Maura feels strongly that the positives of autism not only need to be acknowledged, but celebrated.

She adds: "Autistics tend to be honest, loyal and sincere, and most of us have a great sense of humour.

"A lot of us are extremely creative and our intense interests allow us to develop expertise that can often bring benefits to the workplace.

"Organisations like Specialisterne NI are helping to harness those talents and help young autistic people into employment. Unfortunately, a lot of negative stereotypes still persist, but I think that will change as people start to think differently about difference."

A disability affecting communication and interaction...

Autism is a lifelong disability which affects how people communicate and interact with the world.

There are approximately 700,000 autistic adults and children in the UK.

Without the right support or understanding, autistic people can miss out on an education, struggle to find work and become extremely isolated.

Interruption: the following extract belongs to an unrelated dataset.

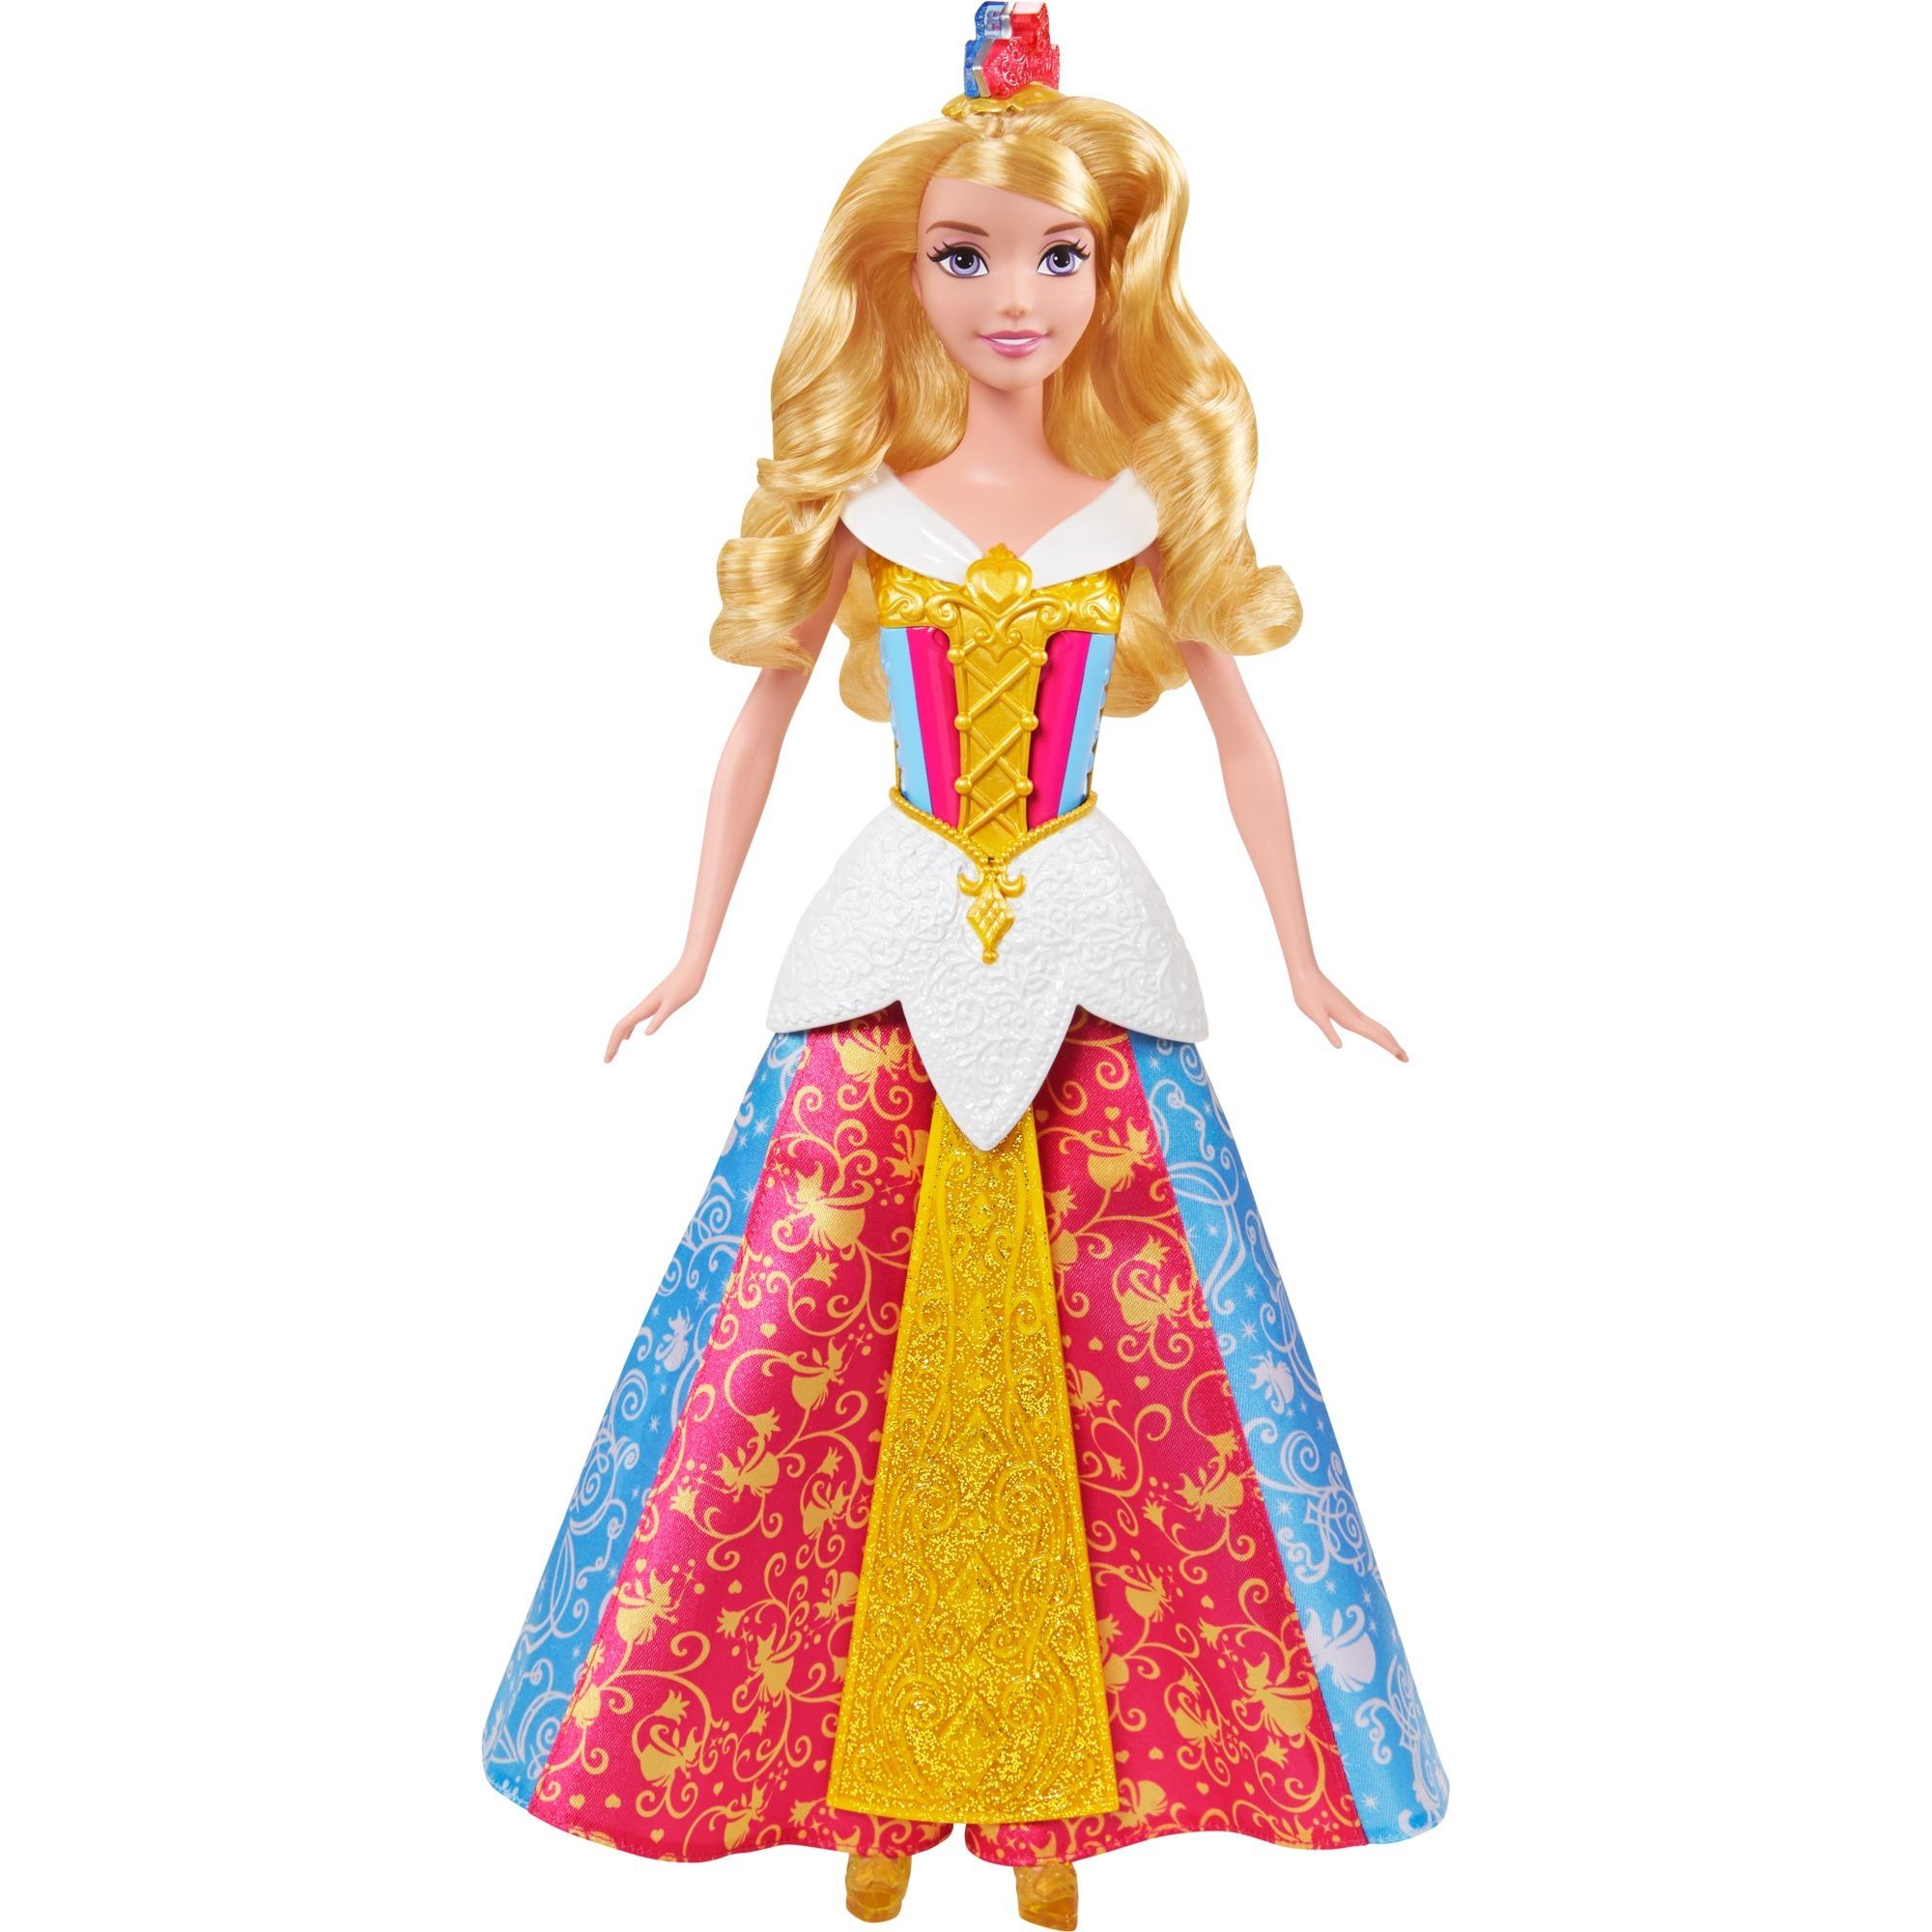 disney-princess-magic-dress-sleeping-beauty-doll-dukke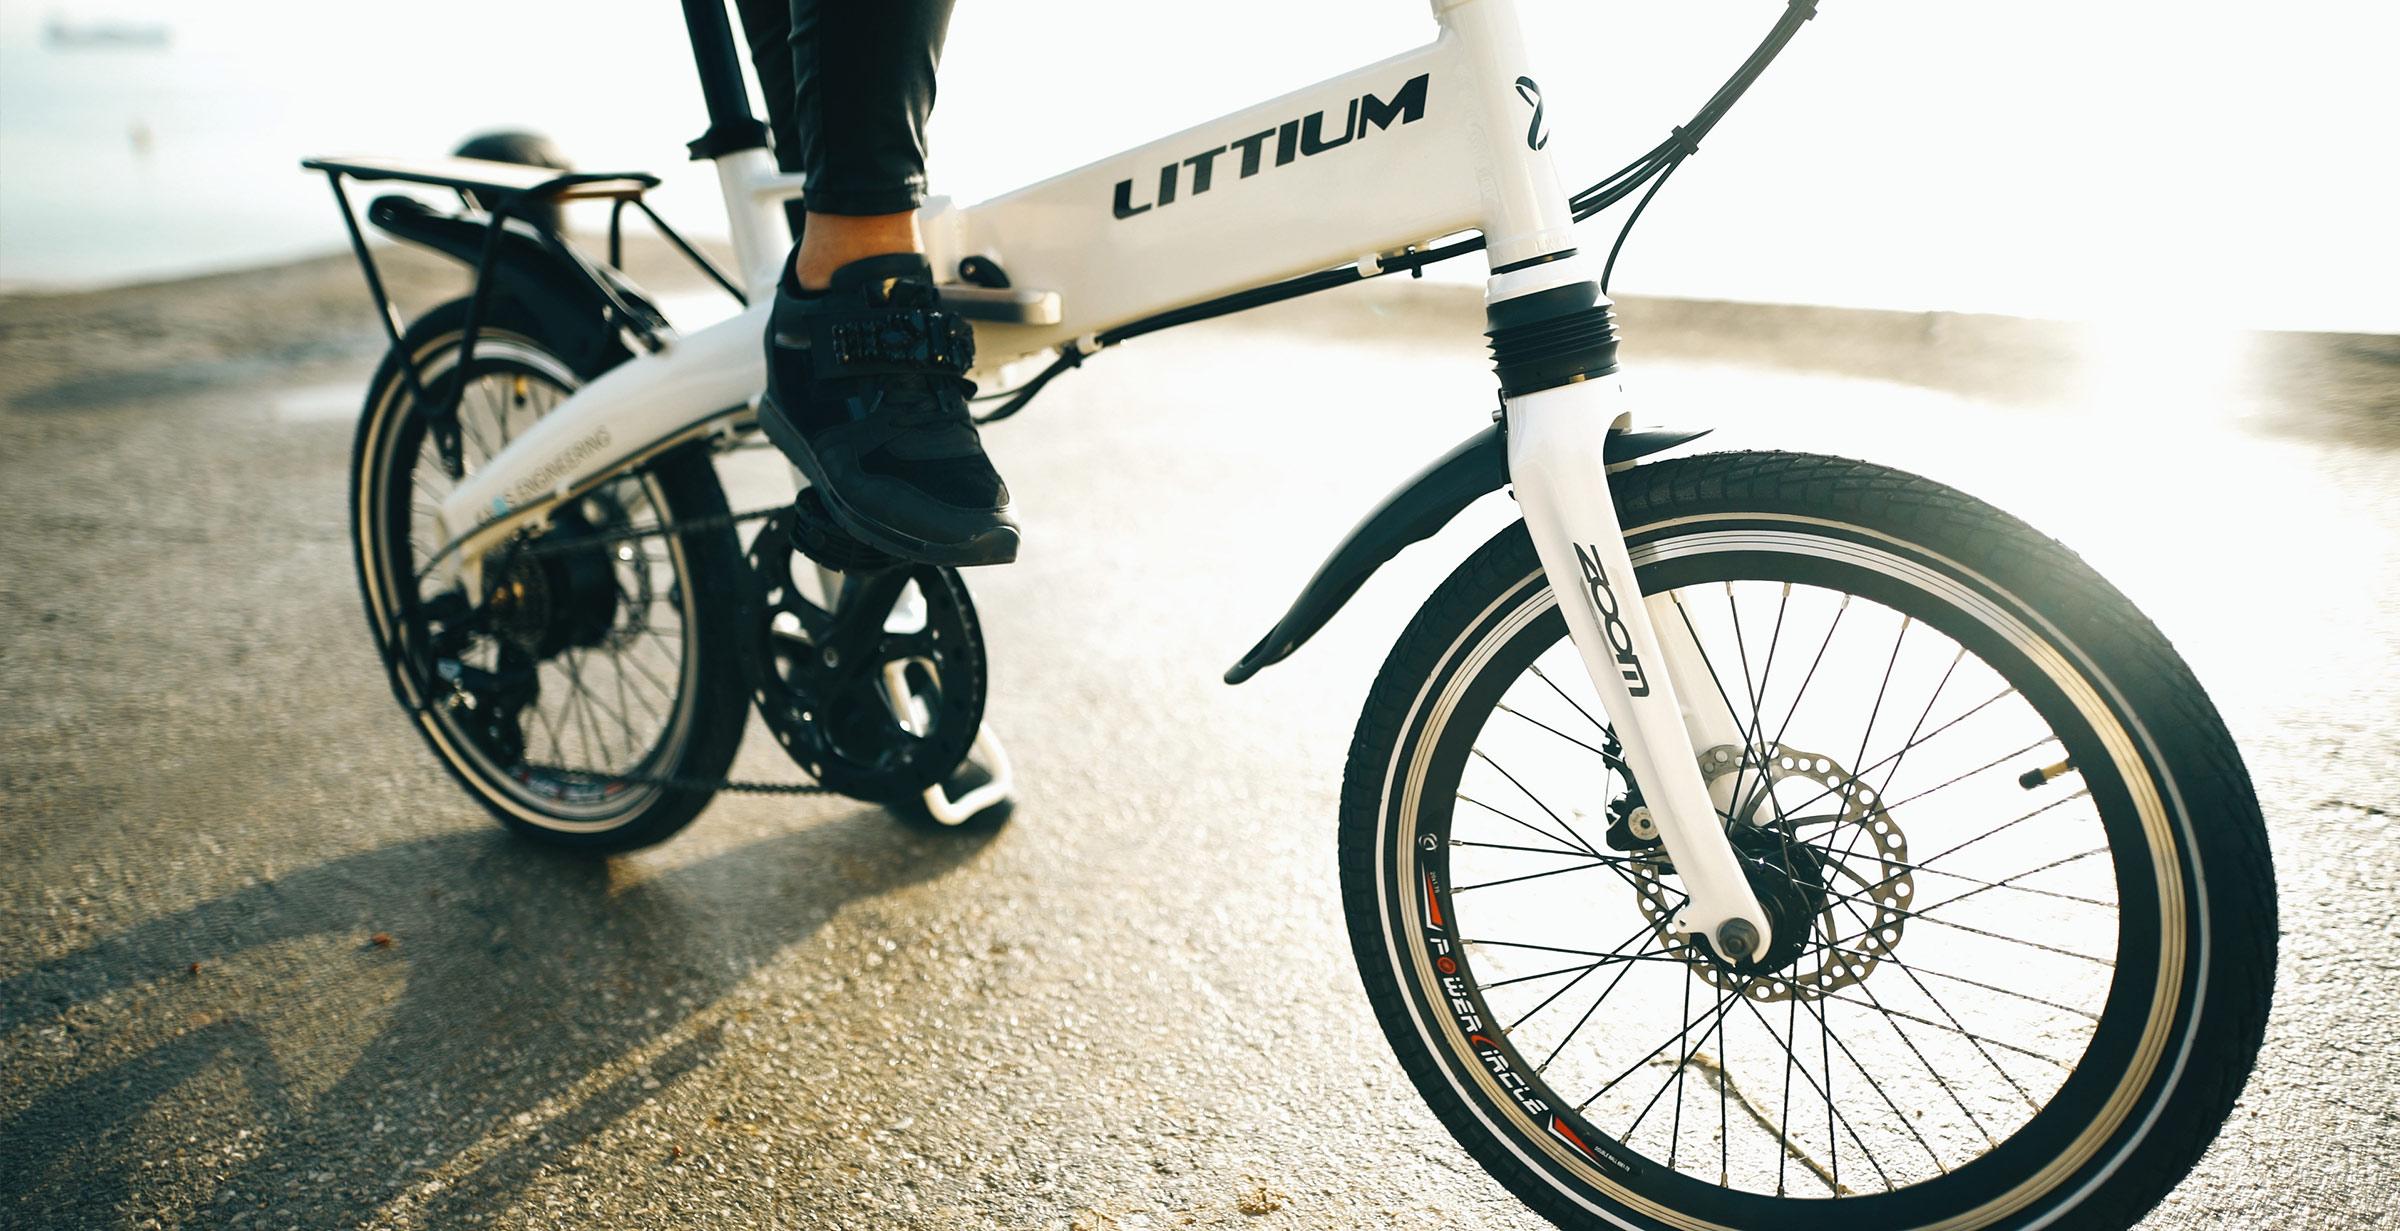 Littium y Avintia Racing: experiencia y ambición para el Mundial de MotoE

Although everyone is different, people on the autism spectrum may:

  • Be under or over-sensitive to sounds, touch, tastes, smells, light or colours, which can make everyday life extremely difficult.
  • Find social situations and change a challenge, sometimes leading to extreme levels of anxiety.
  • Experience a 'meltdown' if overwhelmed by anxiety or sensory overload.
  • Benefit from extra time to process and respond to communication.

Autistic women and girls

  • Recent research suggests that the number of males and females on the autism spectrum is far more equal than previously thought and diagnostic statistics suggest.
  • There has been a steady increase in referrals of women and girls at the National Autistic Society Lorna Wing Centre for Autism.
  • The problem is that professionals often don't understand the different ways autism can manifest in women and girls, with many going through their lives without a diagnosis and an understanding of why they feel 'different'.
  • This is because past research has largely concentrated on males, which means the way we understand autism tends to be very much based on the experiences of autistic men and boys.
  • Every person on the autism spectrum is different. But, as a rule, women are often better at developing ways to mask what we traditionally think of as the signs of autism, which can make it harder to diagnose.

This 'masking' can lead to a great deal of stress and many women and girls go on to develop secondary problems such as anxiety, eating disorders or depression.

The National Autistic Society exists to champion the interests of all people on the autism spectrum. It has branches throughout Northern Ireland.